Why are you in charge?
Suggested Reading
MCTP 6-10A, Sustaining the Transformation
Pages 7-1 through 8-13 based on printed document (PDF pages 99-121)
Description of general responsibilities and expectations of company- and field-grade Marine officers and the evolution of leadership requirements
Link to MCTP 6-10A on the US Marine Corps Publications Electronic Library
This week’s Study: The Mishap Library
All excerpts below are from MCTP 6-10A
Guided Discovery
Every single day a leader should be able to answer the question “why am I in charge?” Not just in charge generally, but why are they in charge today, now, in this situation?
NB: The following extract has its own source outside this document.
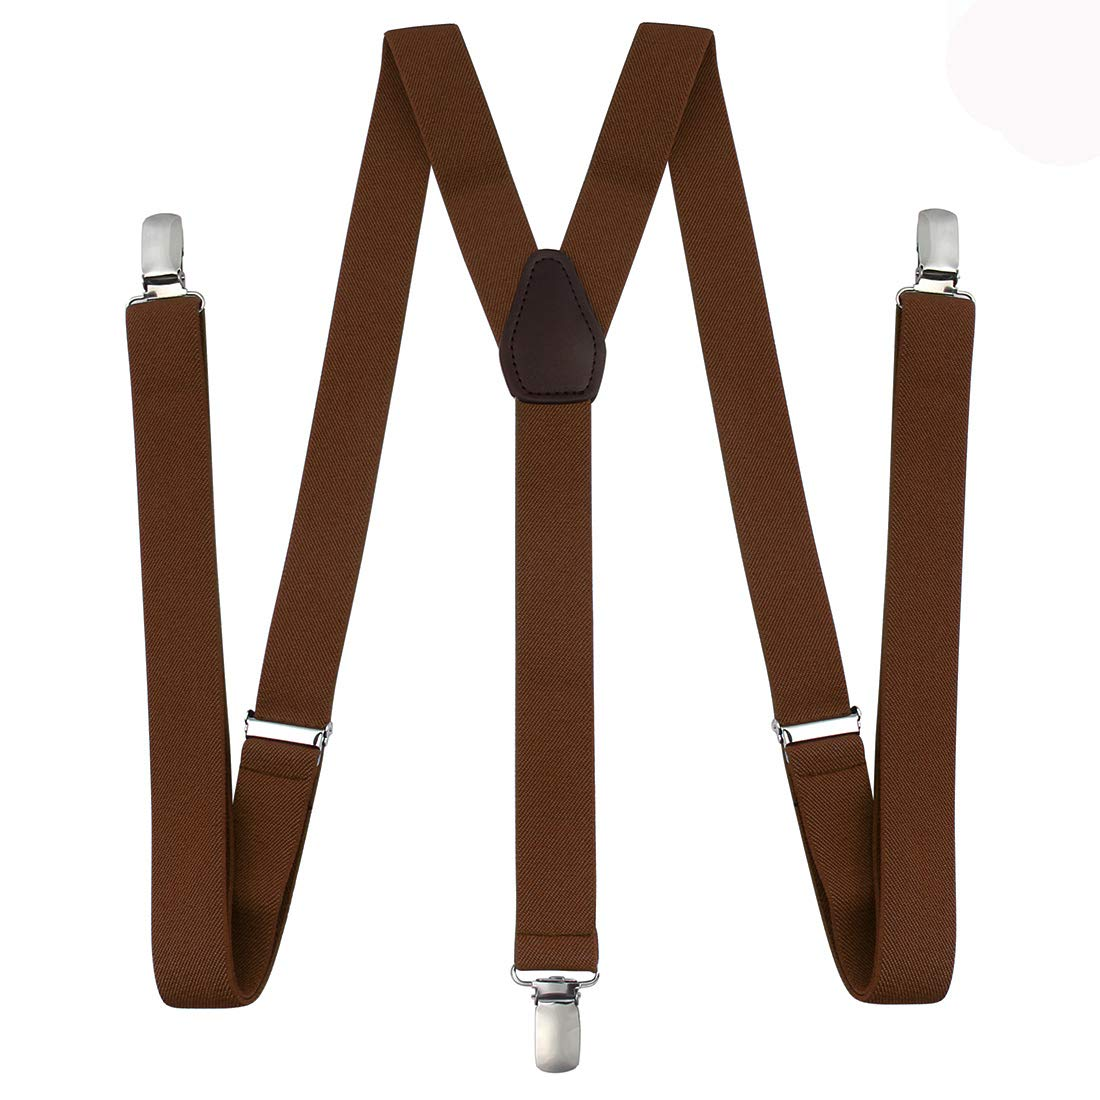 Suspenders for Men - Adjustable Elastic Y Back Style Suspender - Strong Clips (Unisex) RSG-1105-B1
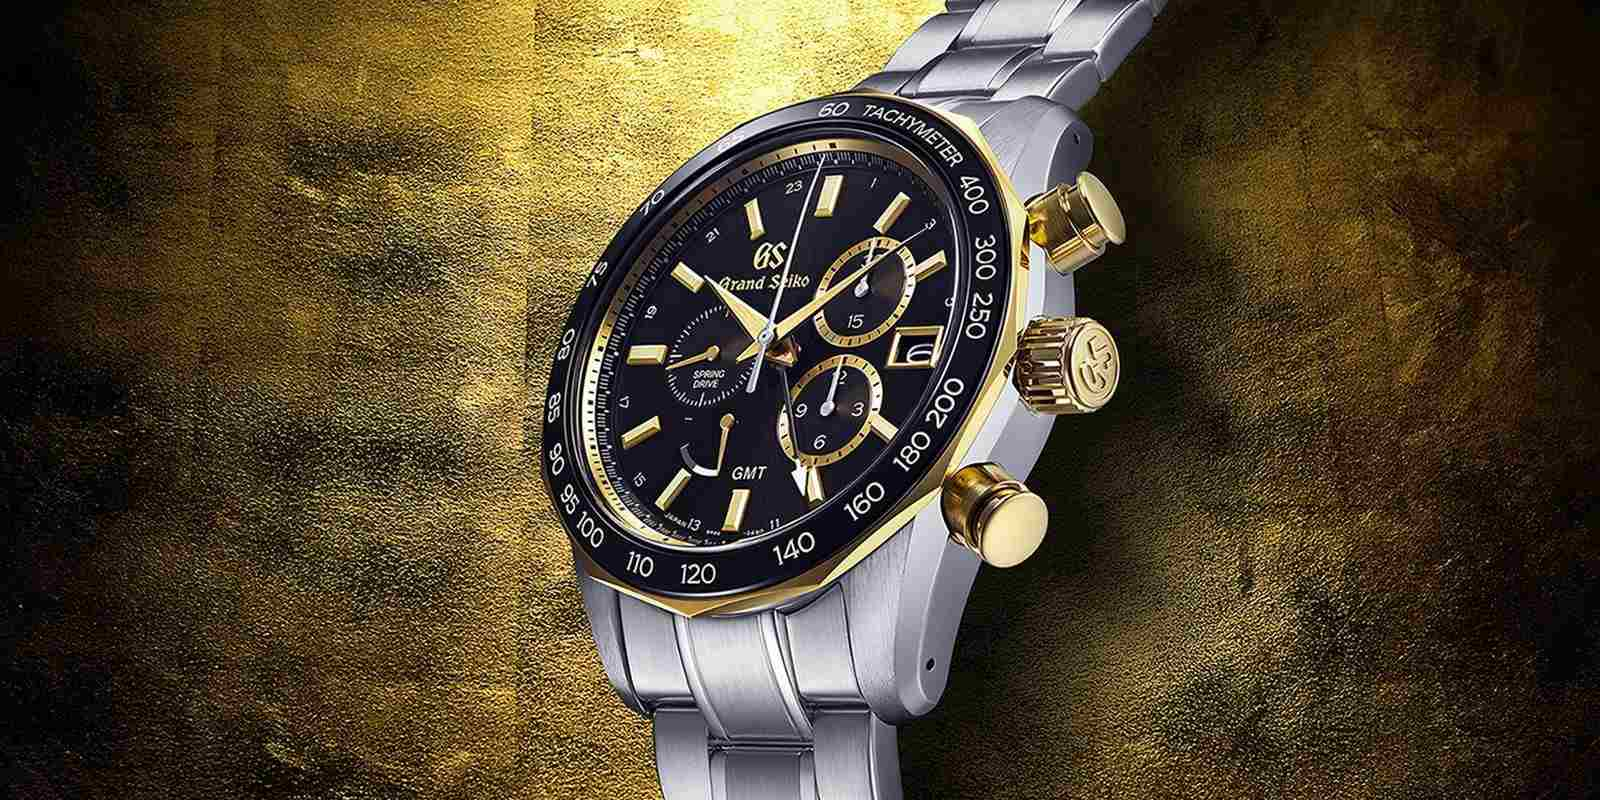 【2021線上錶展】黃金閃光!Grand Seiko全新Spring Drive GMT計時腕錶

Being in charge is not a permanent state of being. A title does not automatically confer the right to lead.
You get to be in charge when you are relevant to those you are expected to lead.
Sustaining relevance as a leader is effort. The point is not to be viewed as cool, popular, or liked. Relevance is making the answer to the question “why am I in charge” self-evident to everyone else.
“It is not enough that you merely know a leader’s qualities and not enough that you proclaim them; you must exhibit them. To exact discipline, you must first possess self-discipline, and to demand unsparing attention to duty, you must spare none yourself.”
The Marine Officer’s Guide
Relevance is demonstrated.
Relevance is earned.
7-3. There are no easy shortcuts to becoming a good officer. It takes a nose-to-the-grindstone dedication every day.
Realize that Marine officers and non-commissioned officers who dedicate their careers to the Corps will continue to age, accumulate expertise, and gather power and responsibility, even as the the bottom of the organizational pyramid is refreshed every year with new 18 year olds. Rank makes the leaders important, but to inspire confidence and trust in decision making, leaders must stay relevant.
Our teams need leaders who are no less relevant. Otherwise, trust erodes as team members look elsewhere for relevant leadership.
How then do we stay relevant?
Stay Humble
Stay Grounded
Stay Hungry
Stay Curious
Stay Visible
These are mentalities, actions, and mantras. Combined, they will keep us relevant as we grow and expand our responsibilities.
Why are you in charge?
Are you relevant?
How do you assess relevancy of leaders above you? Who do you gravitate toward?
Stay Humble
Sustaining the Transformation includes two chapters on officers, one related to company-grade officers (Lieutenants through Captains) and the other for field-grade officers (Majors and Lieutenant Colonels). The very first topic addressed? Humility.
7-2. Marine officers must have the courage to lead in combat, the empathy to counsel a distressed Marine, the integrity to enforce unpopular decisions, and the humility to accept correction from more experienced enlisted Marines.
Humility is required to not become irrelevant. No greater self-sabotage exists for a leader than ego or pride.
7-2. Without humility, young officers may become caught up in their own authority and lose touch with their moral obligation to their Marines.
Everyone has experienced working for or around a leader lacking in humility. They eventually lose respect and relevance as those they deign to lead grow frustrated with the arrogance. This behavior fallacy is so quickly obvious to everyone else, but is it always obvious to the leader?